Metadata-Version: 2.1
Name: entity-recognition-lib
Version: 0.1.0
Summary: A library for technology entity recognition and recommendation
License: MIT
Author: Cesar Goncalves
Author-email: goncalves.cesaraugusto94@gmail.com
Requires-Python: >=3.11,<4.0
Classifier: License :: OSI Approved :: MIT License
Classifier: Programming Language :: Python :: 3
Classifier: Programming Language :: Python :: 3.11
Classifier: Programming Language :: Python :: 3.12
Requires-Dist: aiofiles (>=23.2.1,<24.0.0)
Requires-Dist: bertopic (==0.16.1)
Requires-Dist: hdbscan (>=0.8.33,<0.9.0)
Requires-Dist: numpy (>=1.26.4,<2.0.0)
Requires-Dist: pandas (>=2.2.2,<3.0.0)
Requires-Dist: scikit-learn (>=1.4.2,<2.0.0)
Requires-Dist: scipy (>=1.13.0,<2.0.0)
Requires-Dist: spacy (>=3.7.4,<4.0.0)
Requires-Dist: torch (>=2.2.2,<3.0.0)
Requires-Dist: transformers (>=4.40.0,<5.0.0)
Description-Content-Type: text/markdown

# Entity-Recognition

The Entity-Recognition library utilizes `spaCy`, `BERTopic`, and `Transformers` to provide a robust technology entity recognition system capable of identifying technological entities within texts and suggesting relevant technologies using advanced NLP techniques.

The library automatically downloads the required spaCy model if not installed, making it easy to get started.


## Features

- **Technology Entity Extraction**: Automatically extract technology-related terms and tools from texts.
- **Recommendation System**: Provides context-based technology recommendations.
- **BERTopic Integration**: Leverages topic modeling to enhance the relevance of recommendations.
- **spaCy Matchers**: Utilizes custom NLP patterns for precise entity recognition.

## Installation

### Prerequisites

- Python 3.6+
- pip

### Getting Started

Install the library directly from PyPI:

```bash
pip install entity-recognition-lib
```

The required spaCy model (`en_core_web_sm`) will be automatically downloaded and installed if not already present on your system.



Usage
-----

Here's how to use the Entity Recognition library in your Python scripts:

```python
from entity_recognition_lib import EntityRecognizer

# Create an instance of the recognizer
recognizer = EntityRecognizer()

# Example texts
texts = ["I need an Express.js Mongo database backend"]

# Process texts
results = recognizer.process_texts(texts)
print(results)
```
Expected output:

```json
[
    {
        "input_text": "I need an Express.js Mongo database backend",
        "predicted_topic_name": "575_databases_database_tables_schema",
        "extracted_entities": [
            {
                "entity_name": "Express.js",
                "score": 1.0,
                "category": "Backend Web Frameworks"
            },
            {
                "entity_name": "MongoDB",
                "score": 1.0,
                "category": "Databases"
            }
        ],
        "recommendations": [
            {
                "category": "Backend Web Frameworks",
                "recommendation": "Express.js"
            },
            {
                "category": "Databases",
                "recommendation": "MongoDB"
            }
        ]
    }
]
```

## Development

### Setting Up a Development Environment

1. **Clone the repository**:
   ```
   git clone https://github.com/cgoncalves94/entity-recognition.git
   cd entity-recognition
   ```
2. **Create and Activate a Virtual Environment**:
   ```bash
   python -m venv .venv
   source .venv/bin/activate  # On Windows use `venv\Scripts\activate`
   ```
3. **Install Dependencies**:
    ```
    pip install -r requirements.txt
    ```


## Testing

Run tests to ensure the setup is correct:

```
pytest
```

## Contributing

Contributions are welcome!

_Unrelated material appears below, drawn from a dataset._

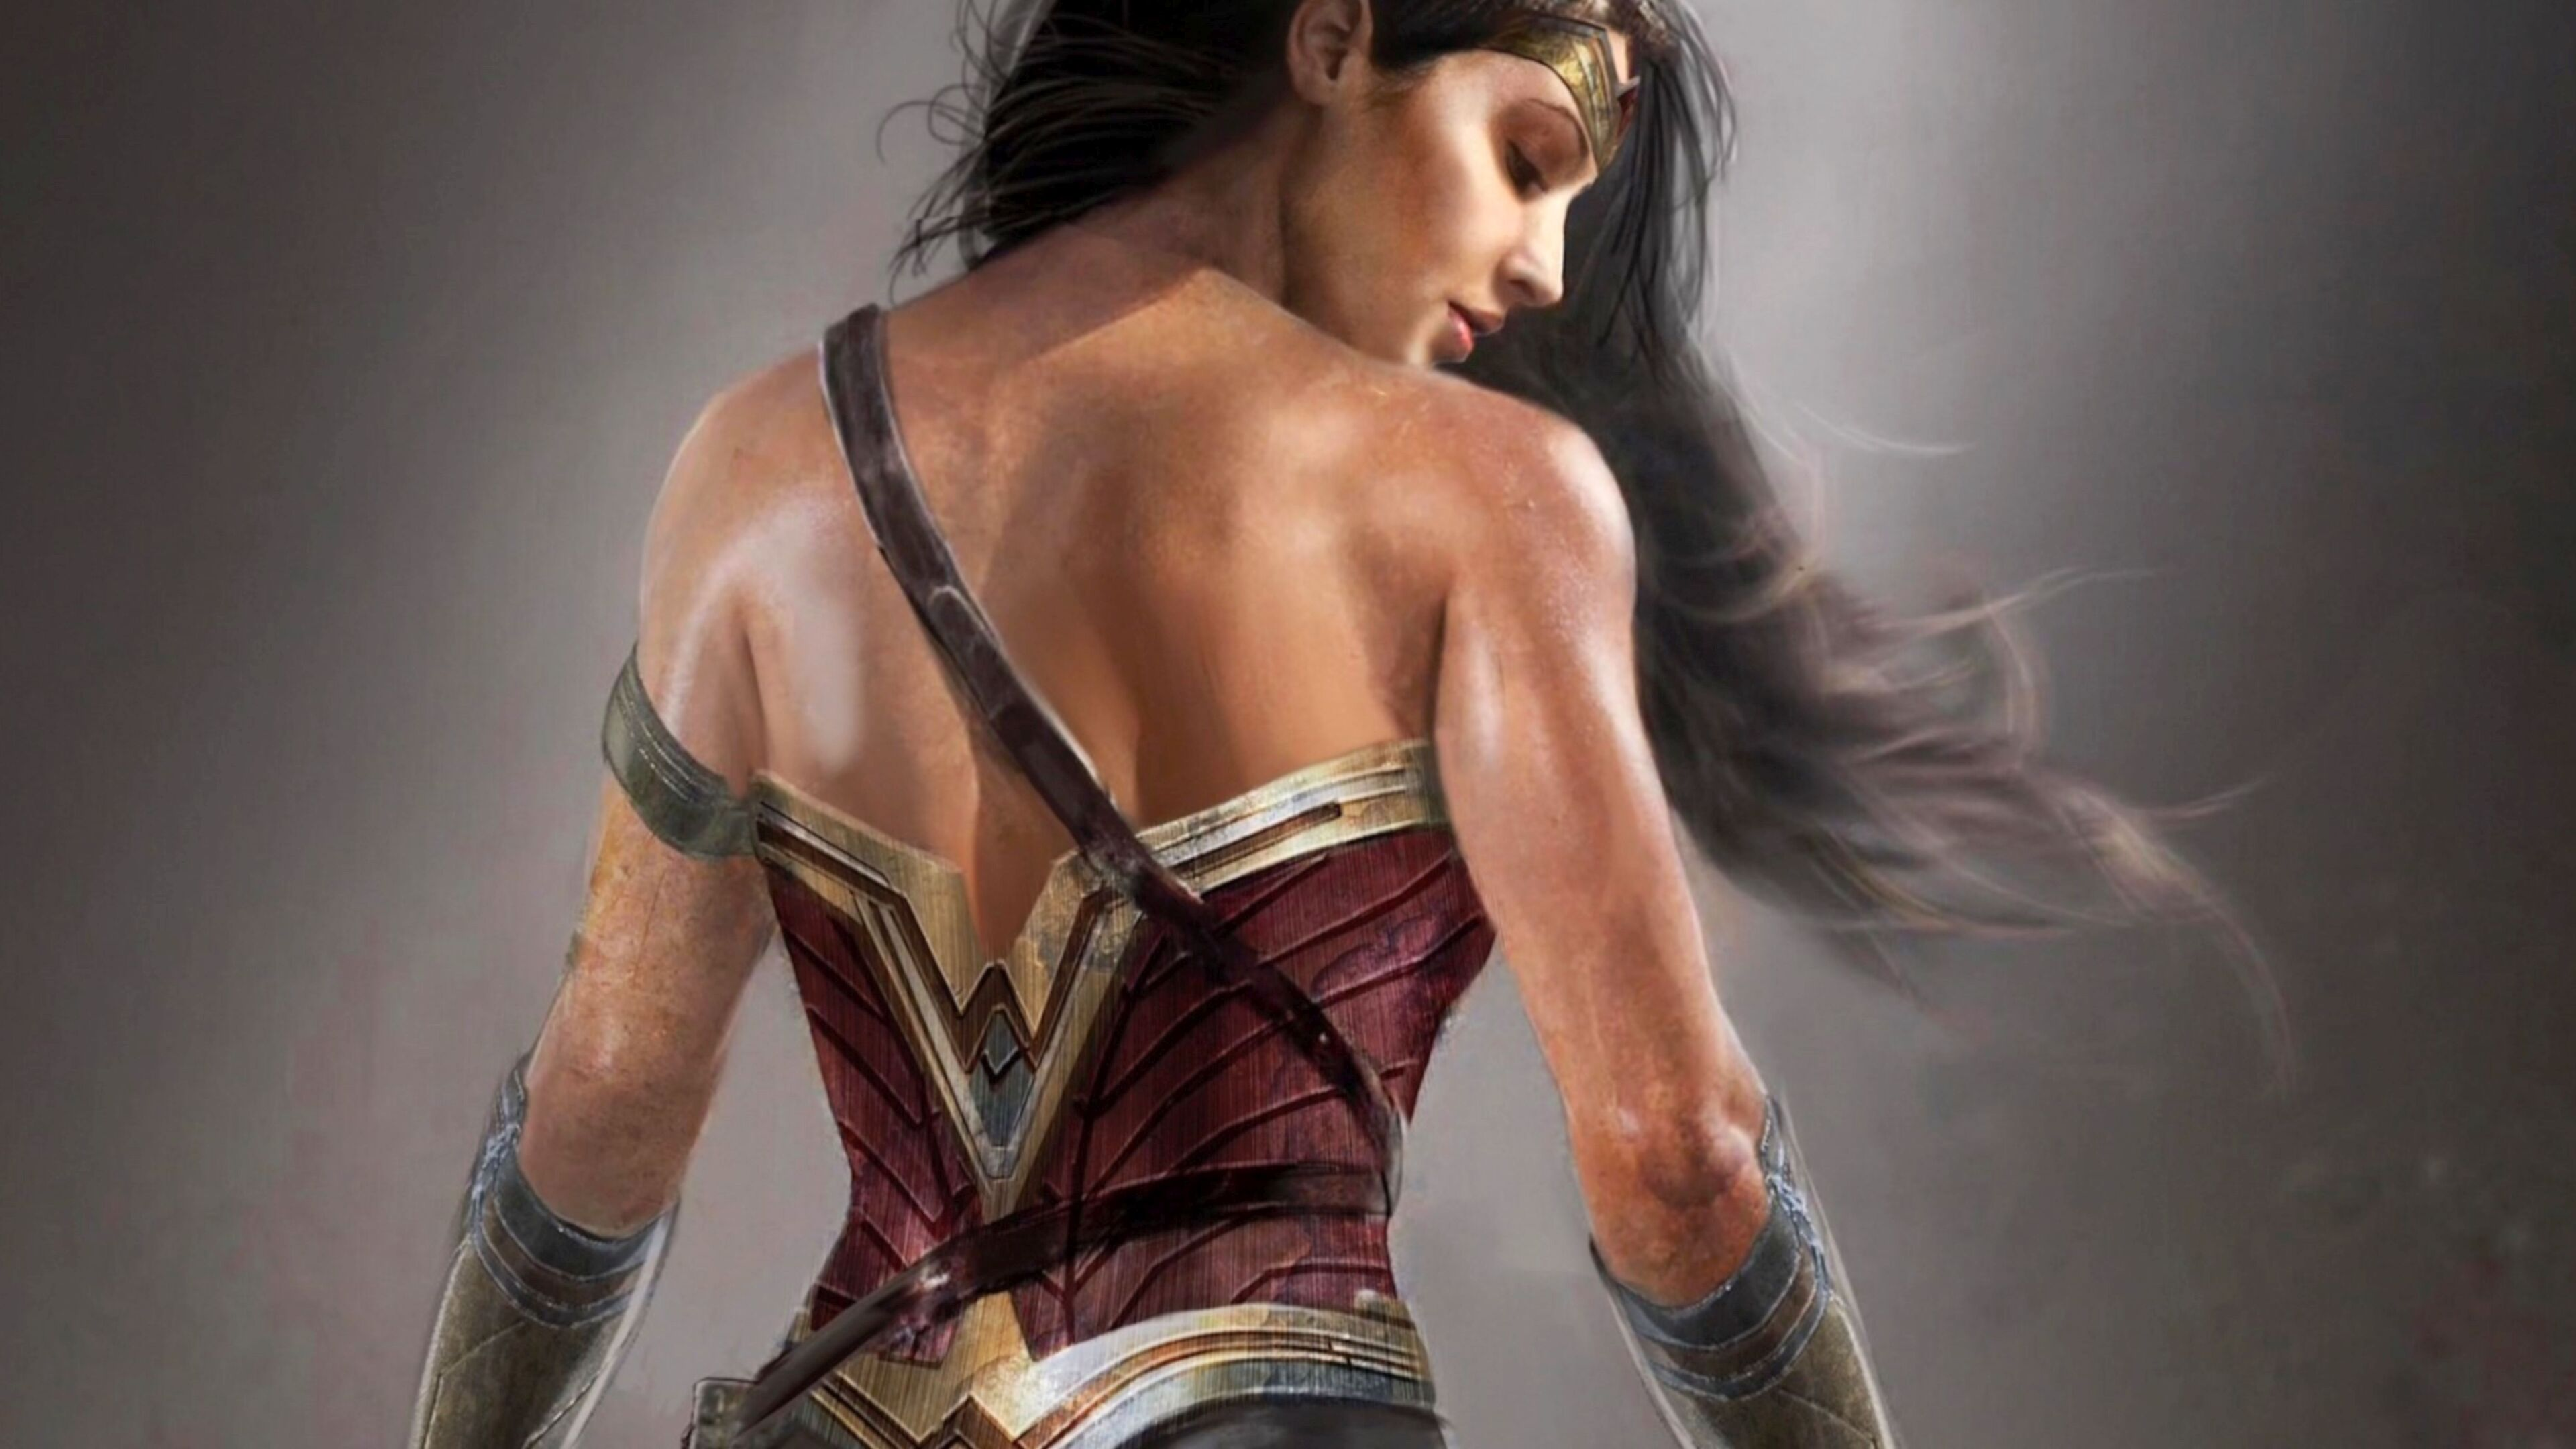 3840x2160 Gal Gadot Wonder Woman Artwork 4k Hd 4k Wallpapers Images

Please follow these steps:

1. Fork the repository on GitHub.
2. Clone the forked repository to your machine.
3. Create a new branch for your changes.
4. Make changes and test.
5. Submit a pull request with a comprehensive description of changes.

## License

This project is licensed under the MIT License - see the [LICENSE](LICENSE) file for details.